In the mid-2000s, Ahmed launched what he calls his first big online experiment while serving as the Australian CEO of National Australia Bank—the creation of UBank, Australia’s first digital-only bank. He was convinced of the power of digital innovation to revolutionize a business, even before the smartphone era. The birth of the iPhone would only accelerate his vision for the future of business.

“If you look back today, I’d say the digital revolution began in earnest across many corporations from 2008 to 2010—that’s the period where an absolute supernova of change took off and brought the entire world along. We truly started only seven to eight years ago the beginnings of what I consider to be a 100-year digital transformation.”

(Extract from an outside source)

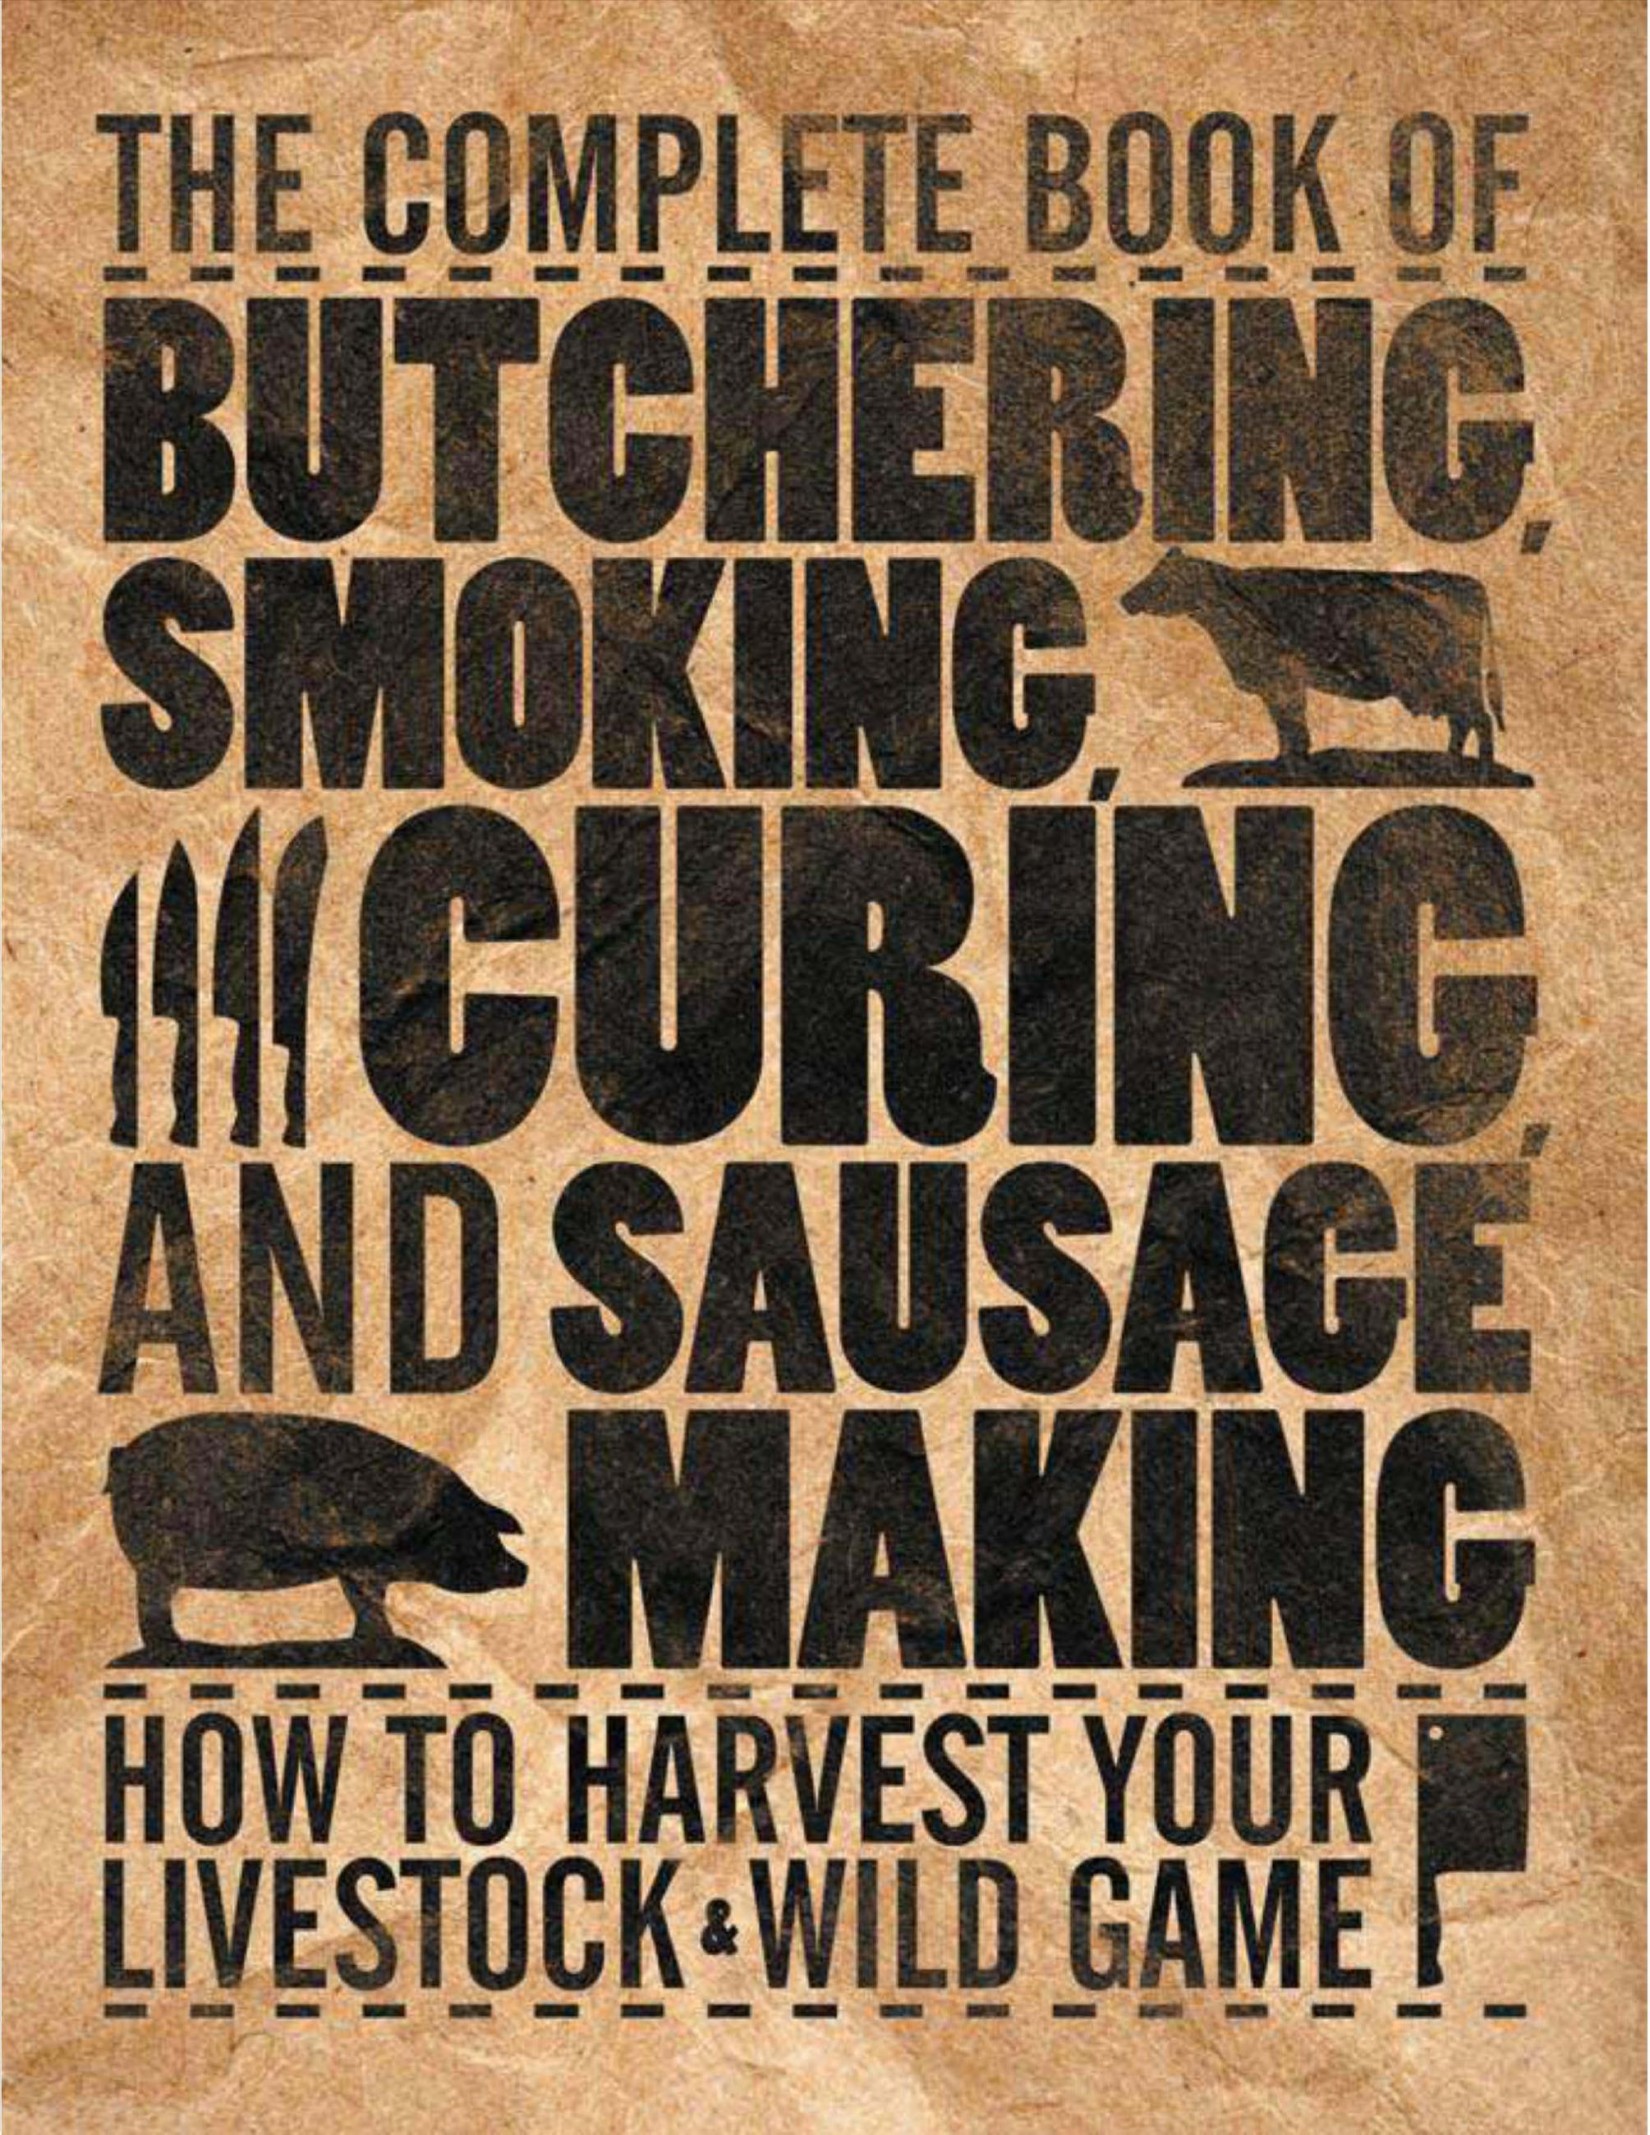 The Complete Book of Butchering, Smoking, Curing, and Sausage Making  How to Harvest Your Livestock & Wild Game 2010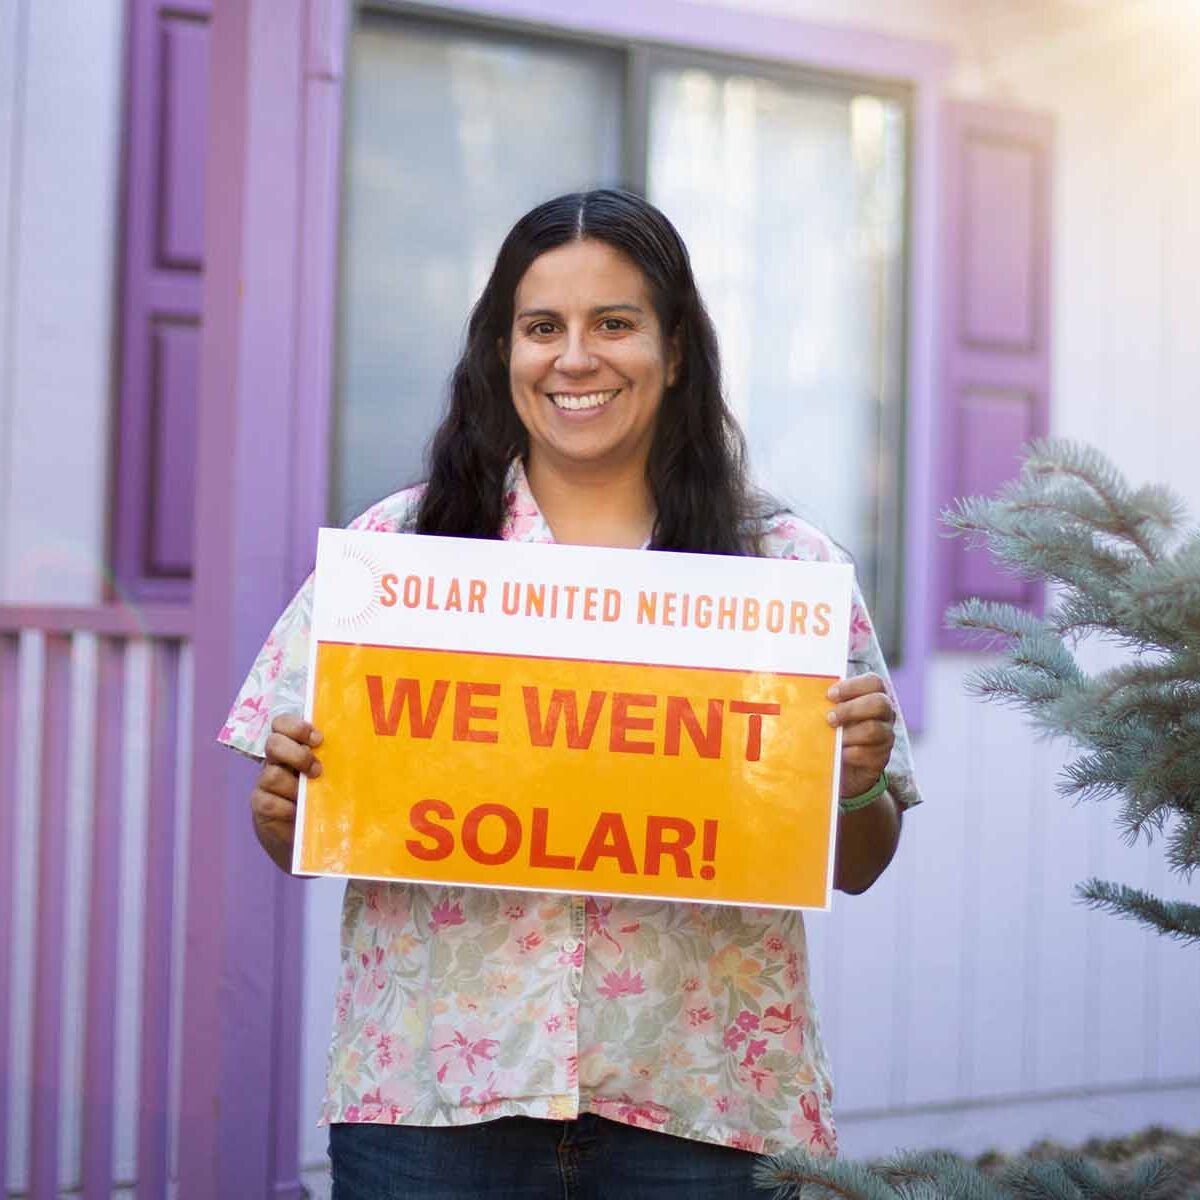 Woman holding "We went solar" sign, smiling, and standing in front of a purple house.

Ahmed stepped into the role of CEO of Australia Post as the global digitization phenomenon started to gather steam. He remembers walking into the company, then a paper-based business, and thinking that the “Gutenberg’s-press way of circulating information” had died. He concentrated on stepping the business up for the new world of e-commerce and digital transactions. “The most important thing playing in my mind was around how I could refocus the brand, networks, and talent of the people of Australia Post to provide traditional services while growing with the new pace of society and technology.”

Throughout his career, he has put great emphasis on unlocking the potential of people and businesses, and this has formed the central philosophy behind how he leads organizations and creates shareholder value. According to Ahmed, his commitment to building teams who believe in the purpose of their mission has origins in his first BCG experience.

“When you have highly engaged, capable, motivated employees, they are able to do extraordinary things to help their customers—and if our customers feel that we add value to their lives, by definition we achieve shareholder and stakeholder value,” he says, noting that the perennial importance of nurturing and investing in talent is being further magnified in the digital age. “This is what happens at BCG.”

At present, Ahmed is enjoying being back in the fold as he works with BCG leadership to steer the firm toward “another exciting growth spurt” ahead. “One of the best parts of my job is getting to work with a lot of like-minded people that I get pure joy out of being with,” he says, adding that though BCG has evolved on many fronts, the strong sense of community has remained very much the same.

“The culture and values I picked up at BCG around unlocking the potential of those around you and pushing beyond the expected have guided me through all of the businesses I’ve worked in. I started learning all of that at day one when I was a 20-year-old consultant.”